Given material.
········
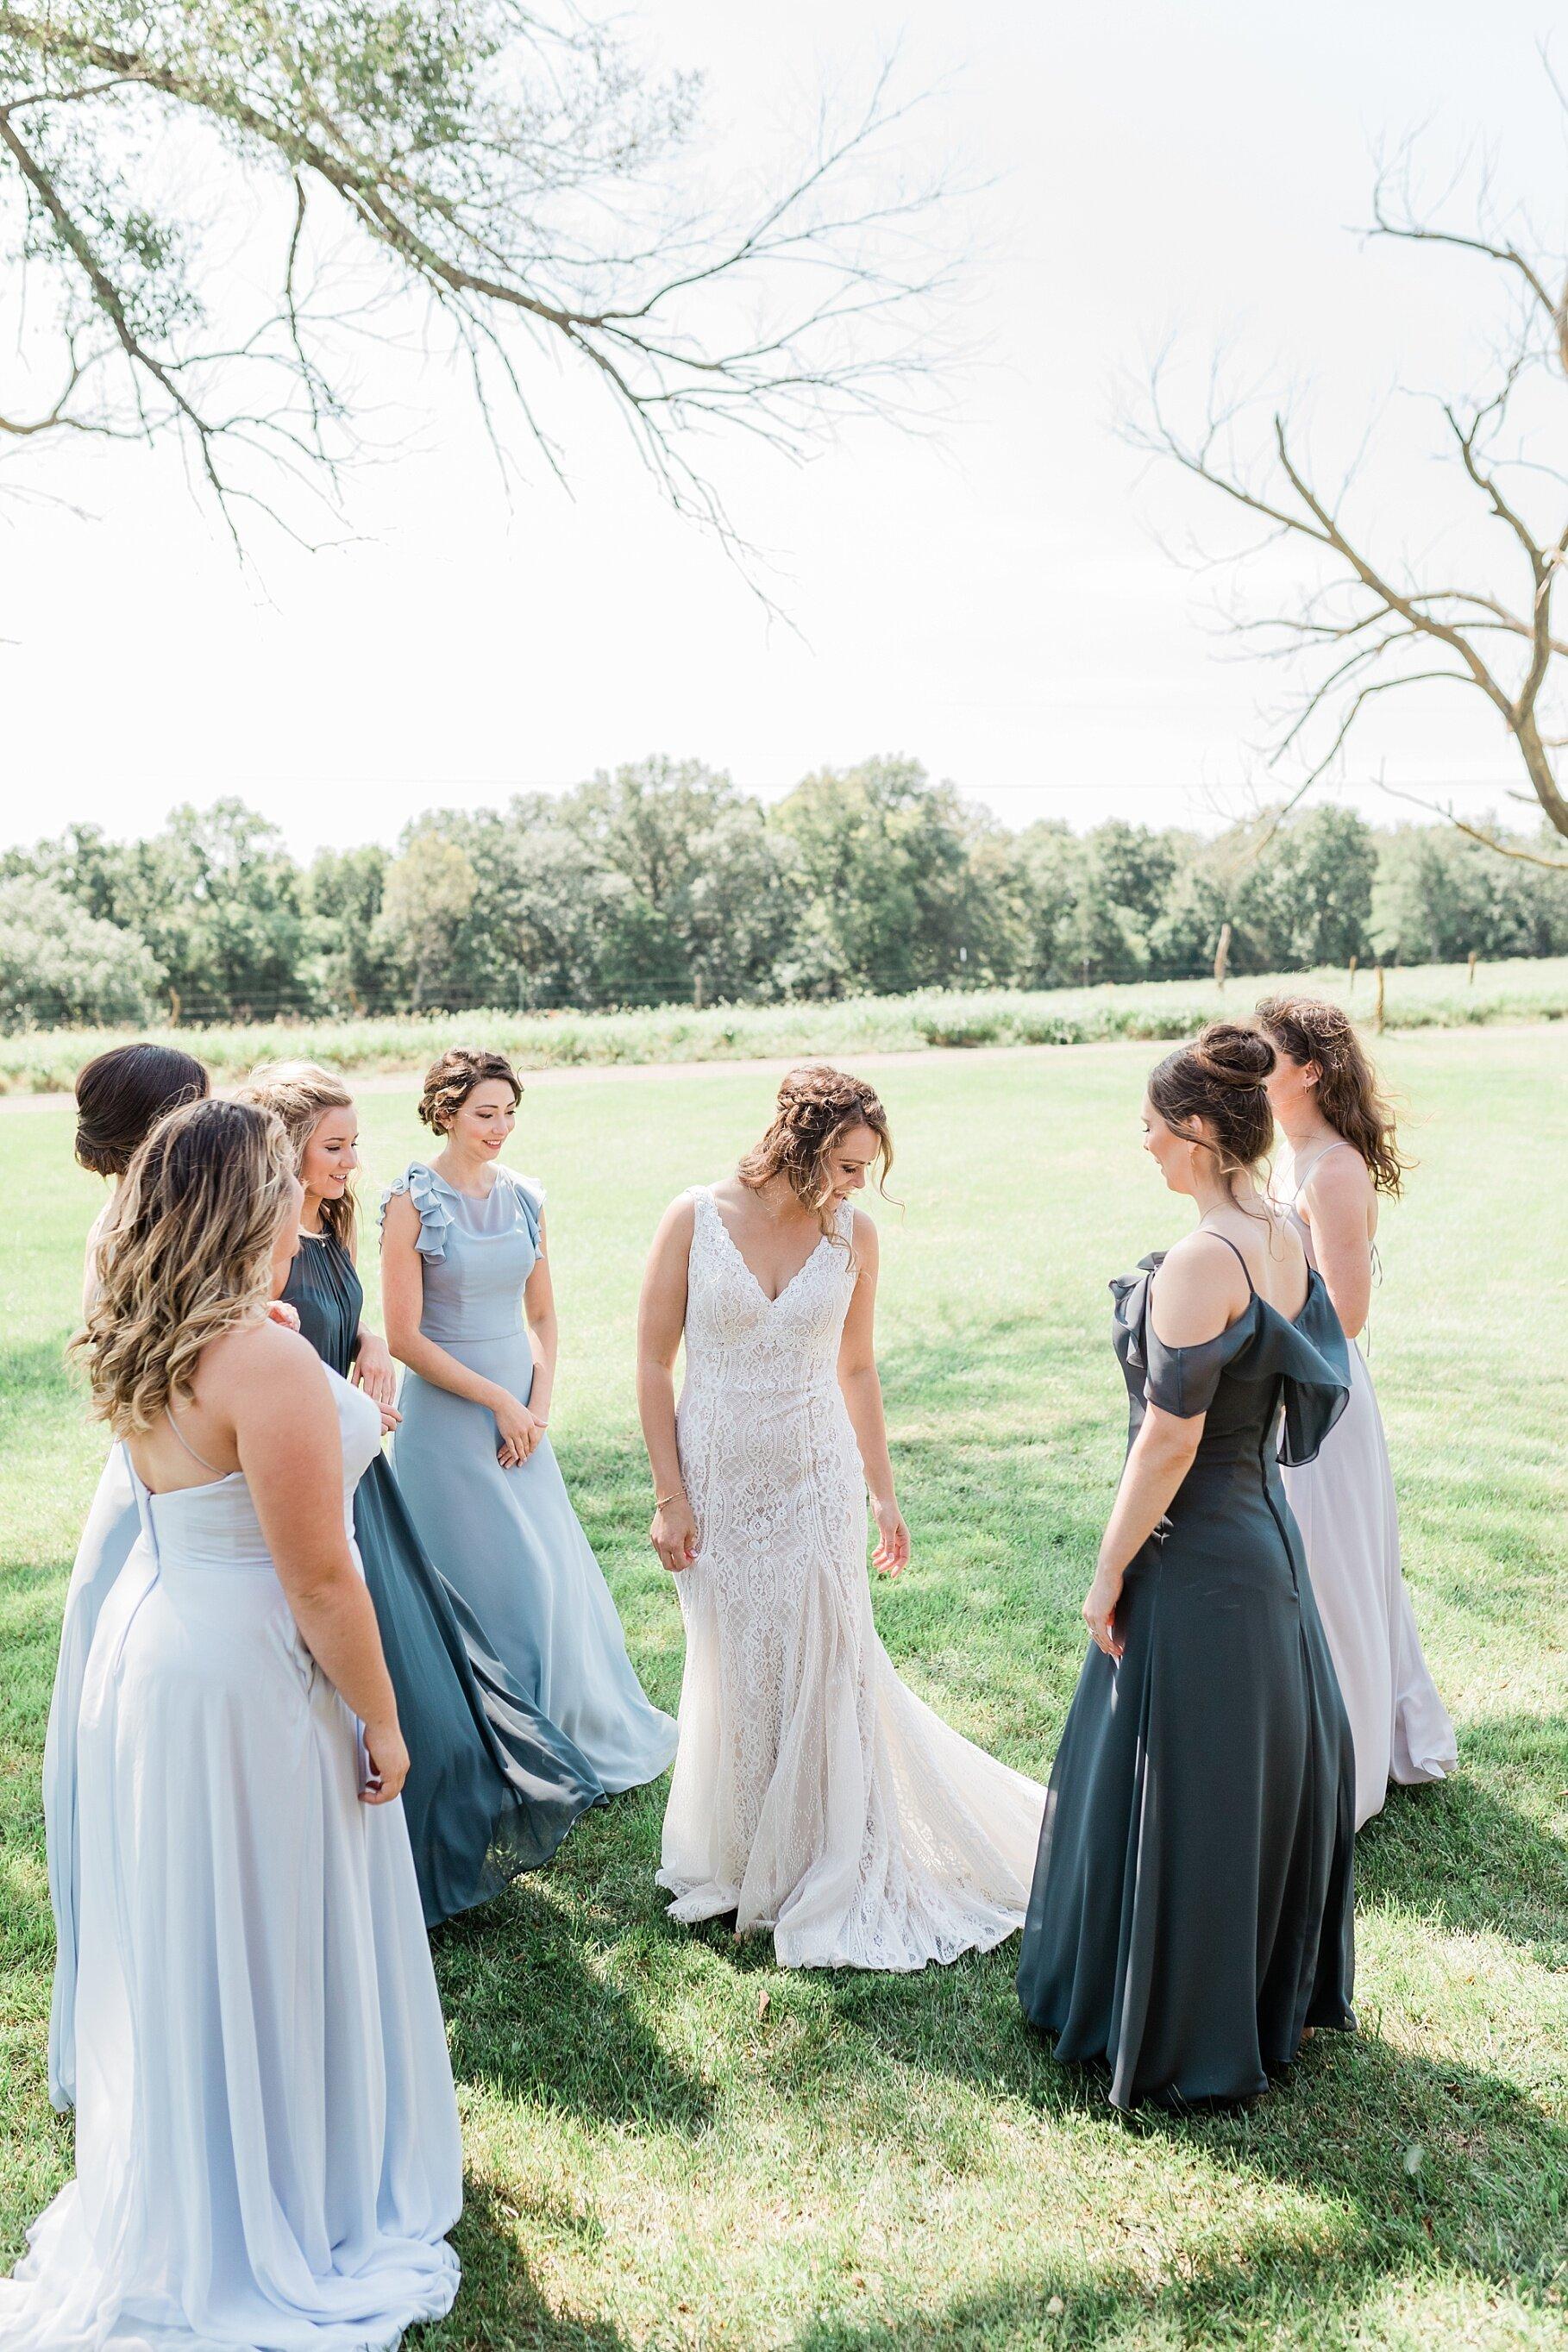 Earth-Toned Wedding by KKP Associate Wedding Photographer and Kelsi Kliethermes Photography Best Columbia Missouri Wedding Photographer_0043.jpg
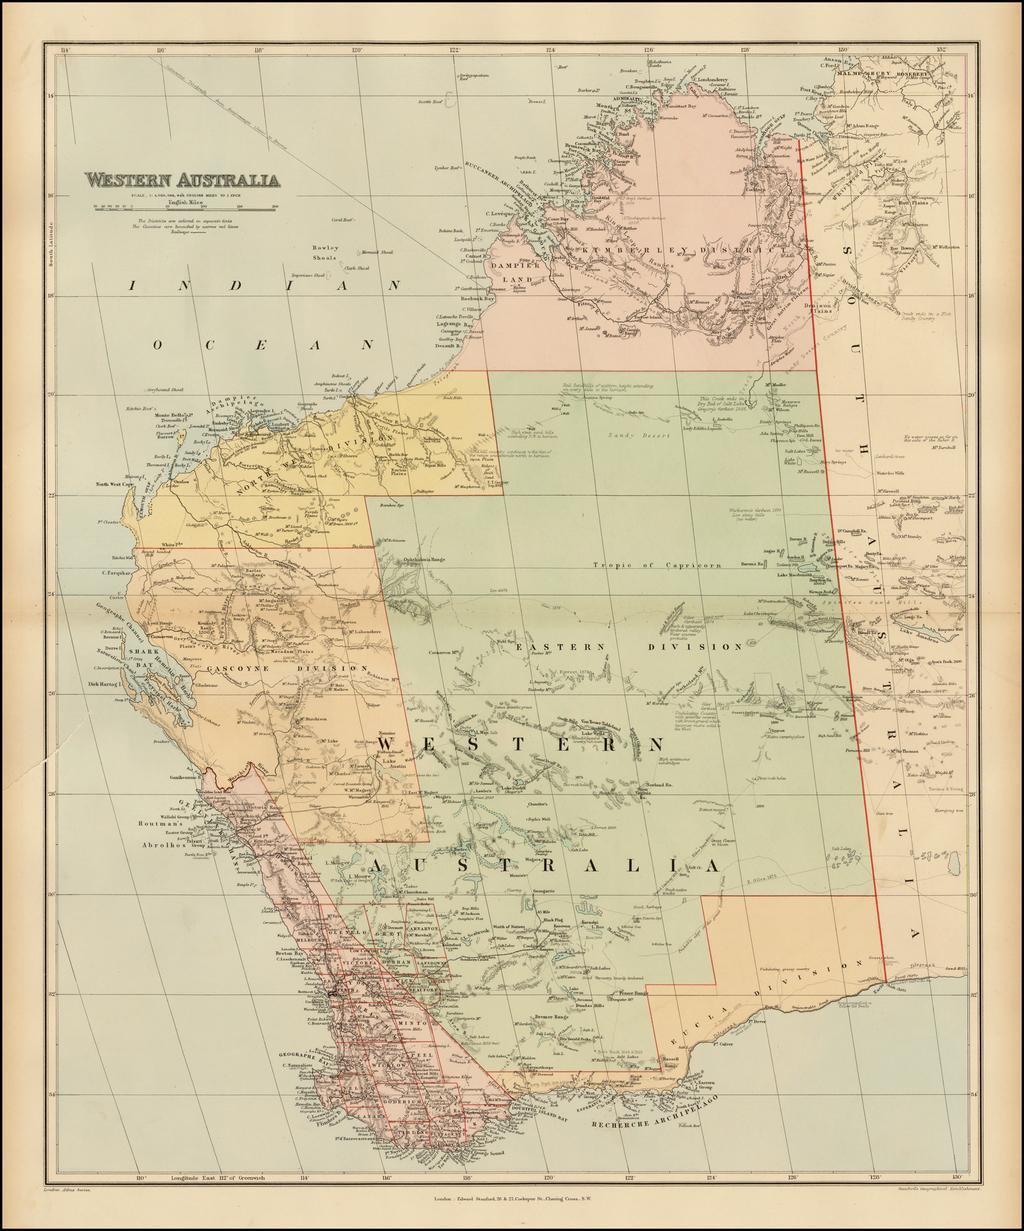 Western Australia By Edward Stanford
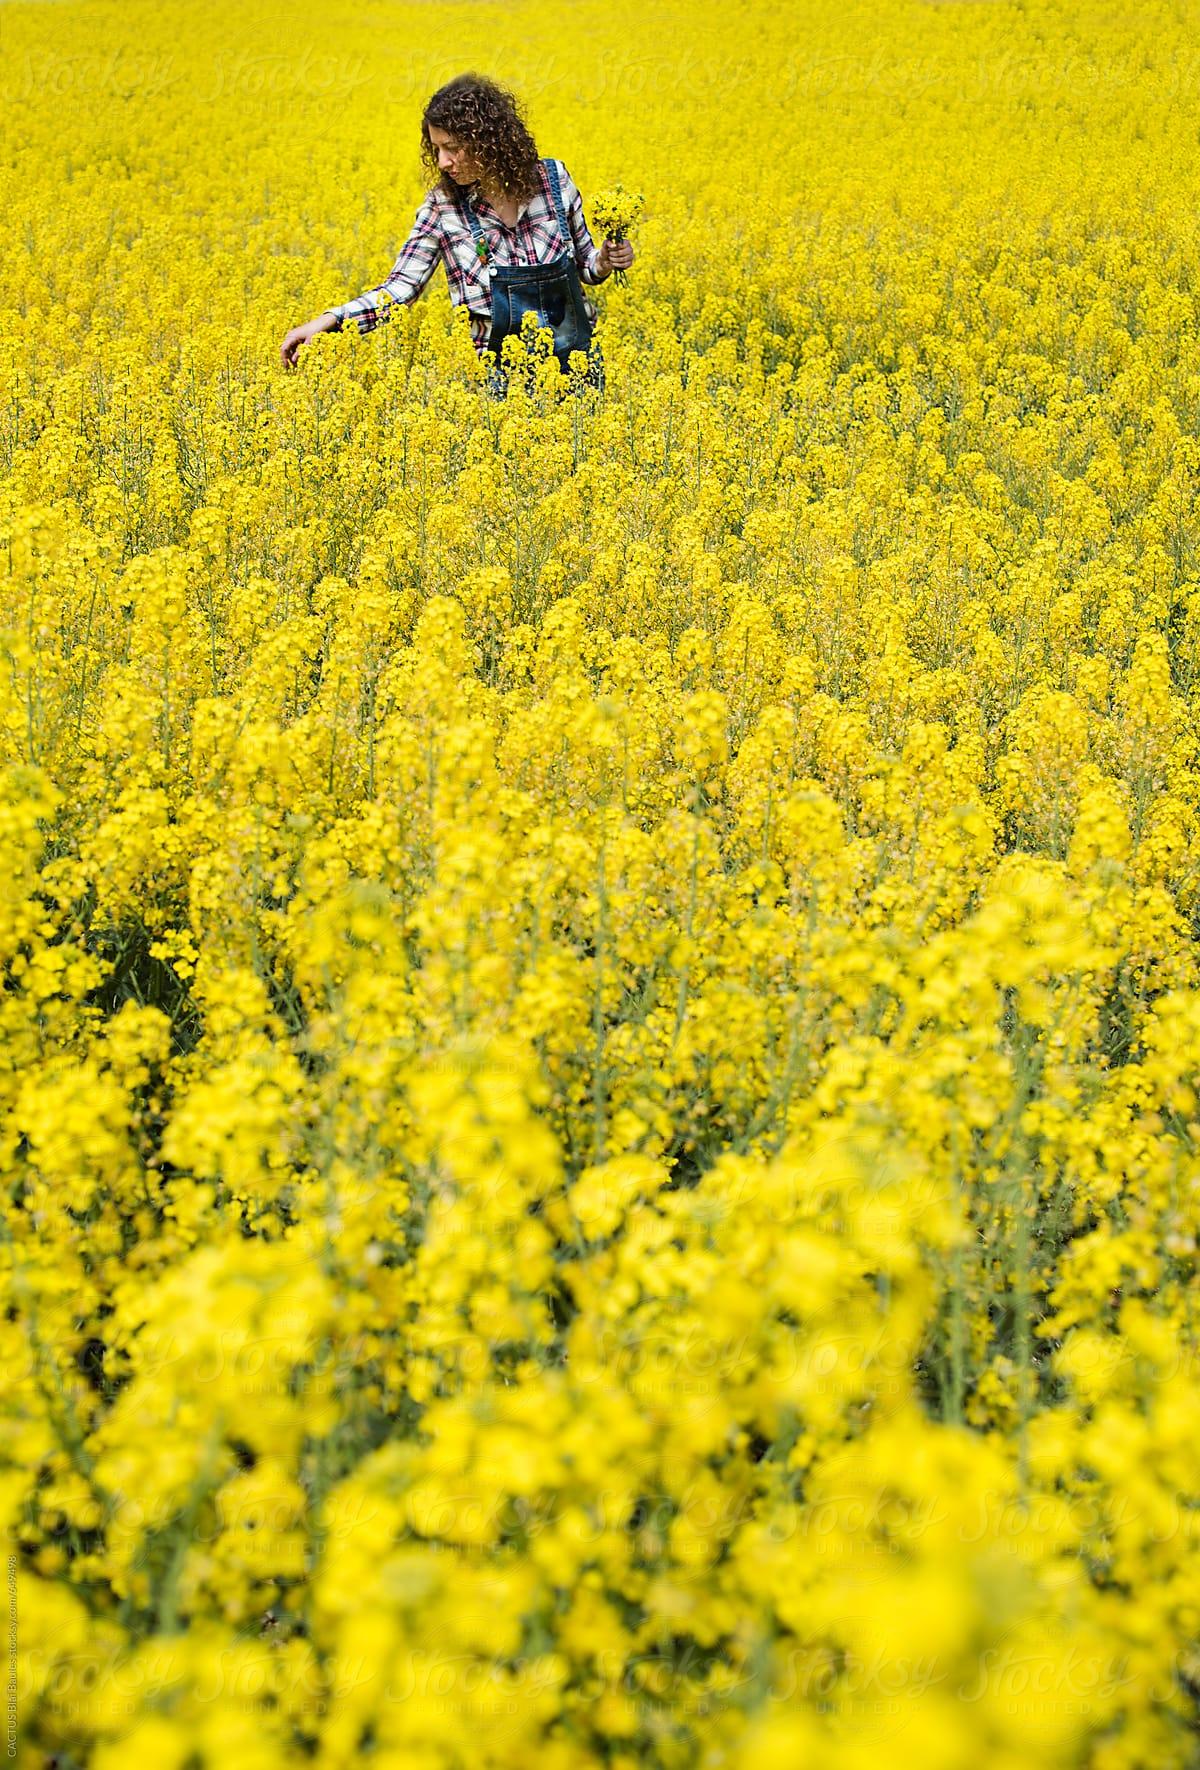 Woman In A Field Of Yellow Flowers Stocksy United
········
Problem description. Give the preceding data back exactly, minus every picture.

Solution to the exercise.
 Earth-Toned Wedding by KKP Associate Wedding Photographer and Kelsi Kliethermes Photography Best Columbia Missouri Wedding Photographer_0043.jpg
 Western Australia By Edward Stanford
 Woman In A Field Of Yellow Flowers Stocksy United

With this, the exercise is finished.